Collected data entries:
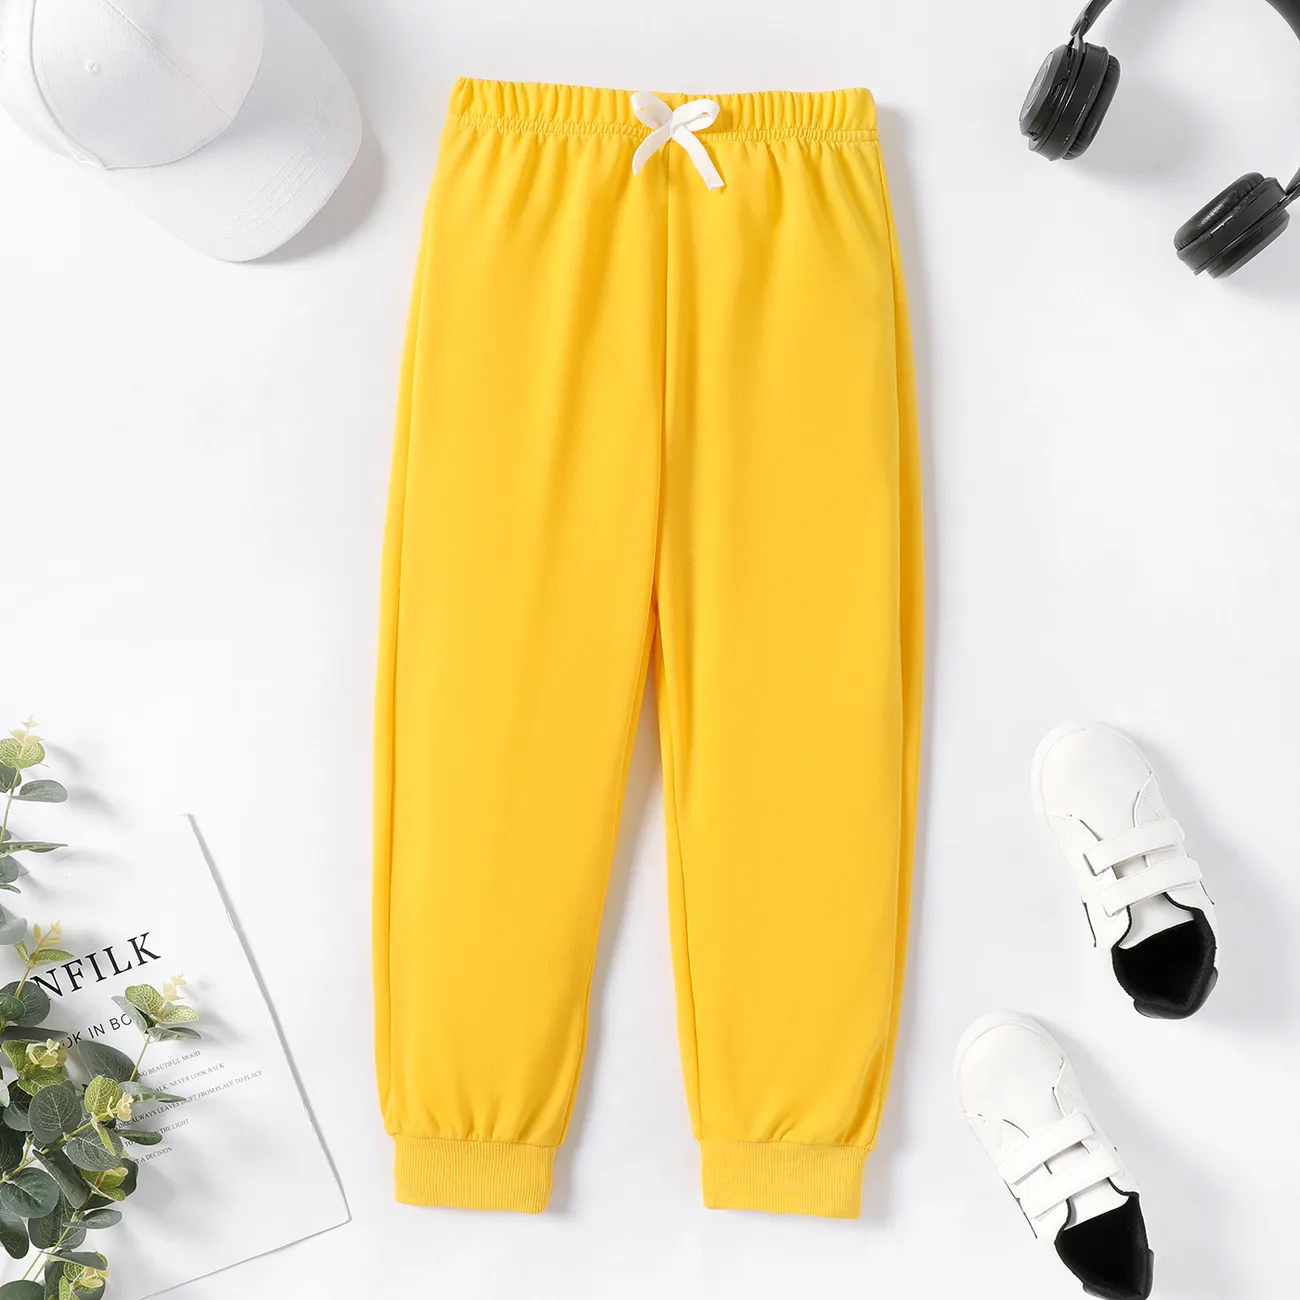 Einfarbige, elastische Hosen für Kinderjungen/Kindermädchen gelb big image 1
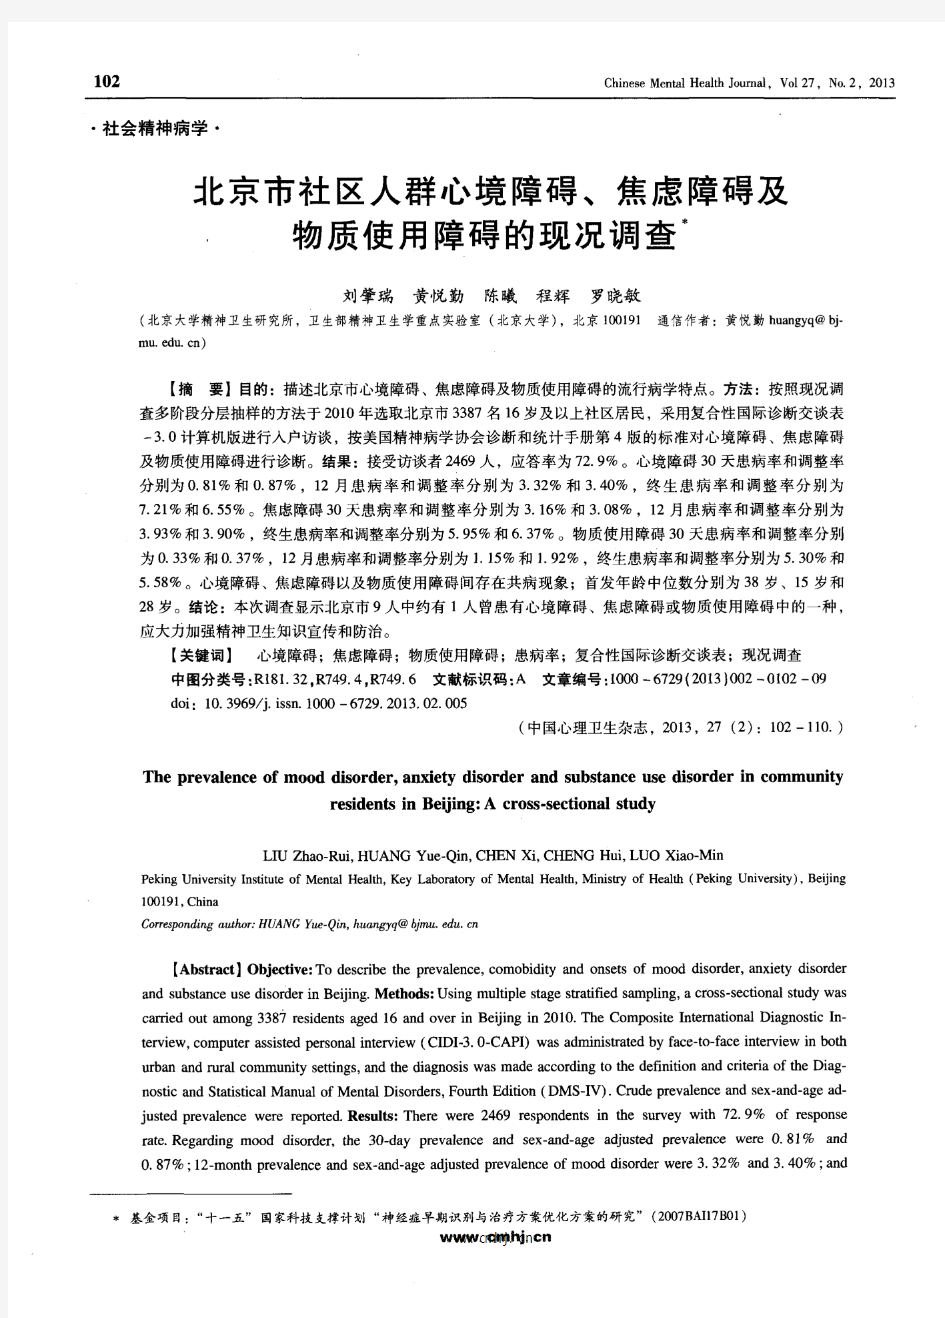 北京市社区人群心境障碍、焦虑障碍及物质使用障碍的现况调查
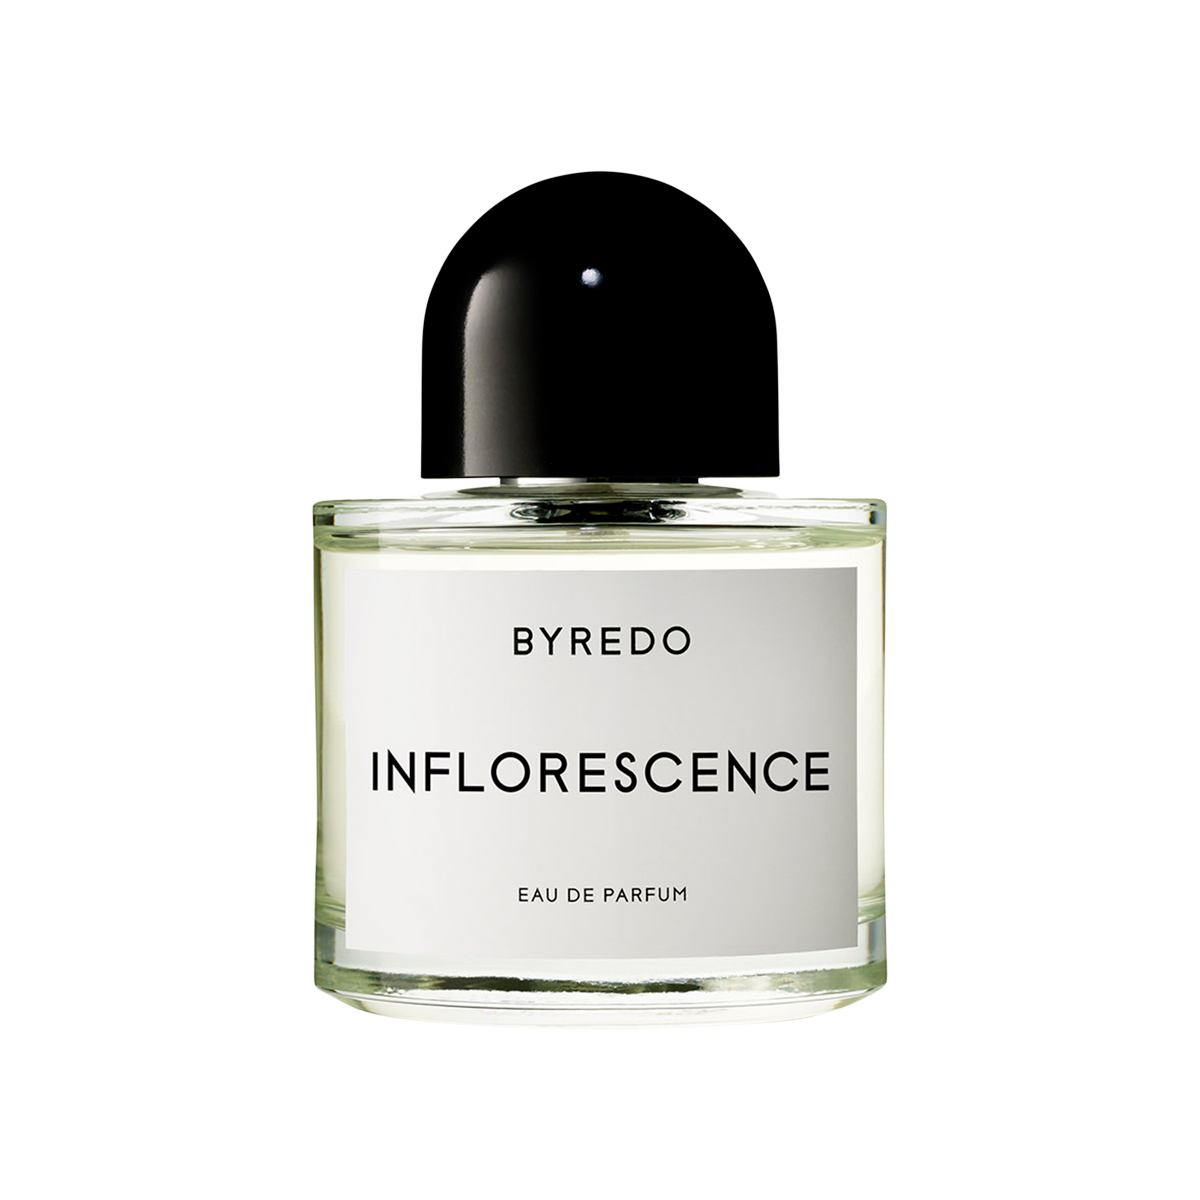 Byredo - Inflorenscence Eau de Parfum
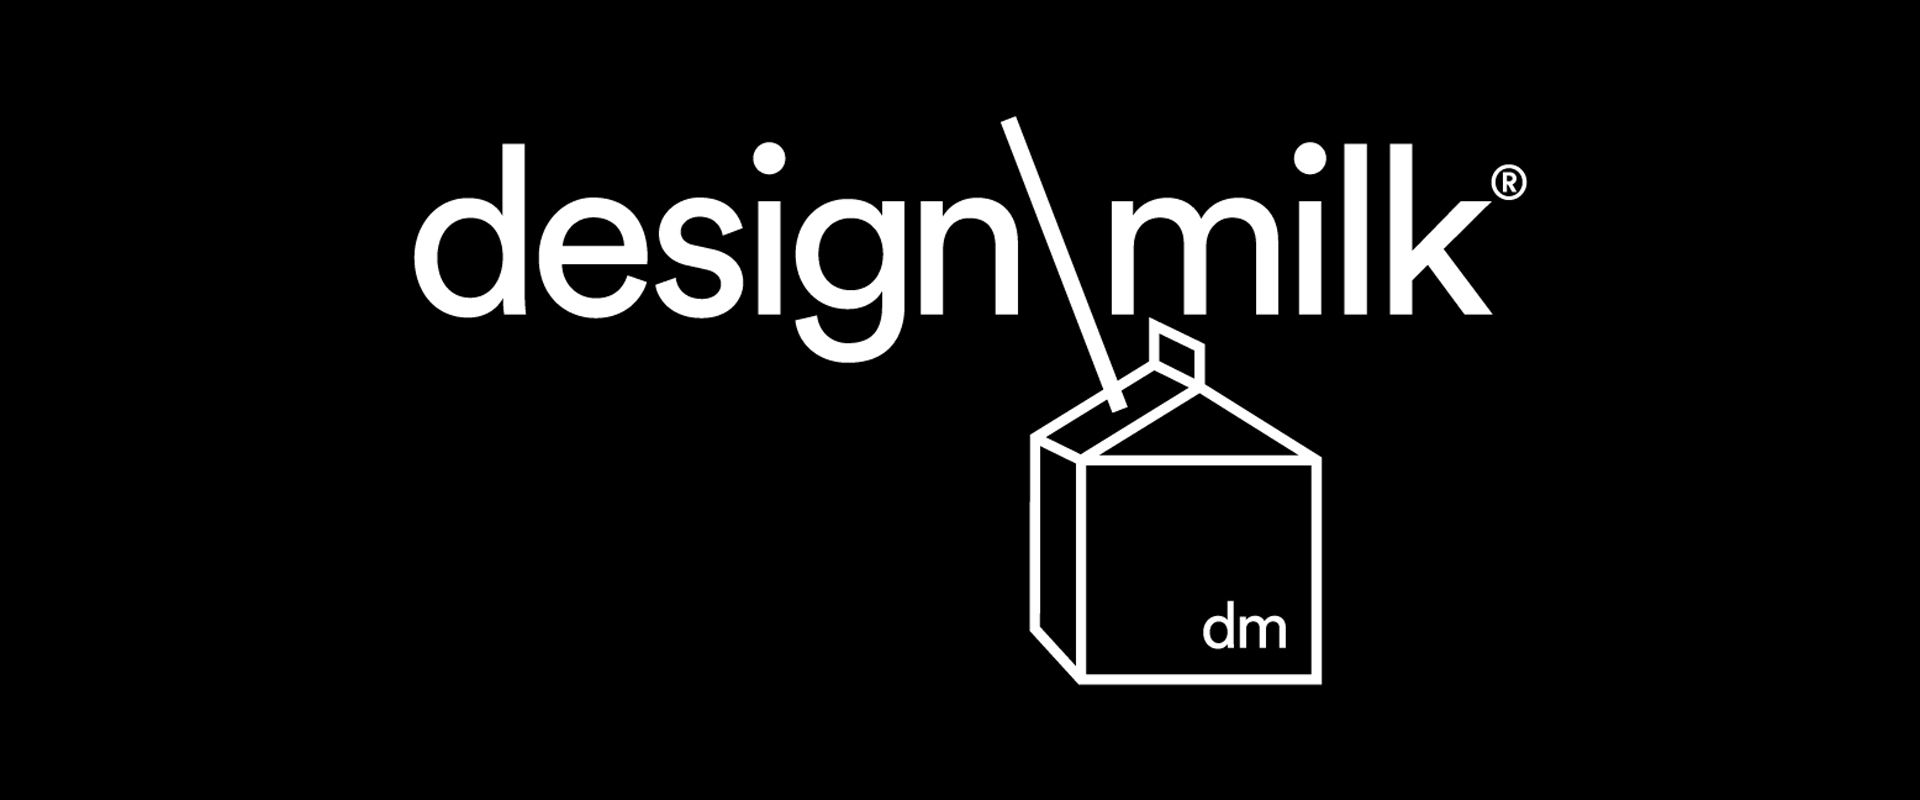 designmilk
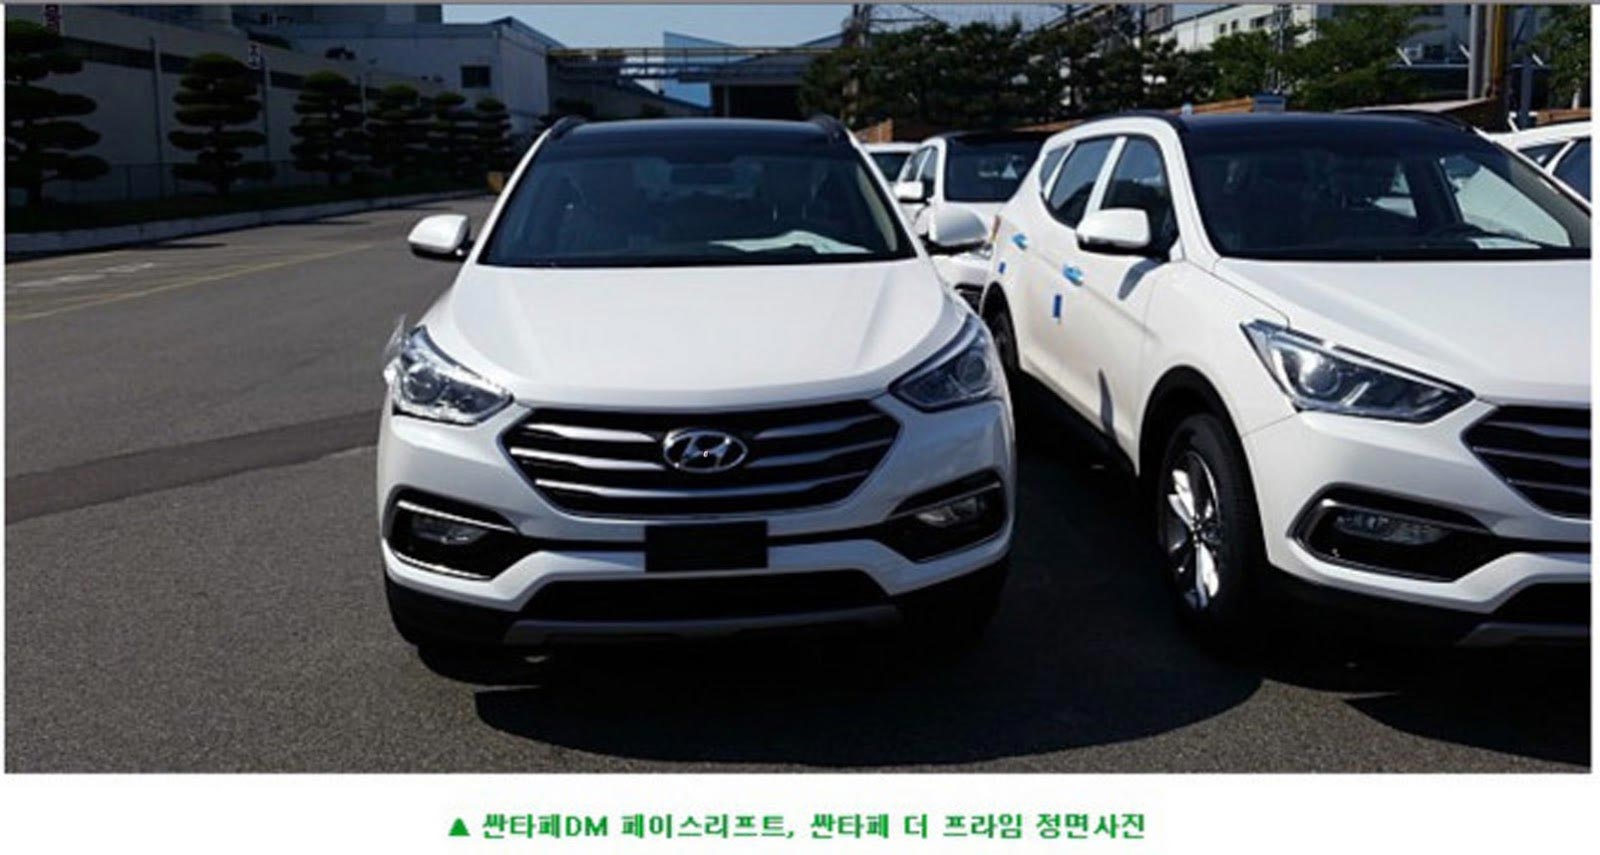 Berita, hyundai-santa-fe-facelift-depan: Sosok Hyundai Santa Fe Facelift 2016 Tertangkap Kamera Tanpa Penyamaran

Requirement - The output must match, line for line, the span from the line containing "Byredo - Inflorenscence Eau de Parfum" through the end of the data, with the pictures removed.

Written solution -
 Byredo - Inflorenscence Eau de Parfum
 designmilk
 Berita, hyundai-santa-fe-facelift-depan: Sosok Hyundai Santa Fe Facelift 2016 Tertangkap Kamera Tanpa Penyamaran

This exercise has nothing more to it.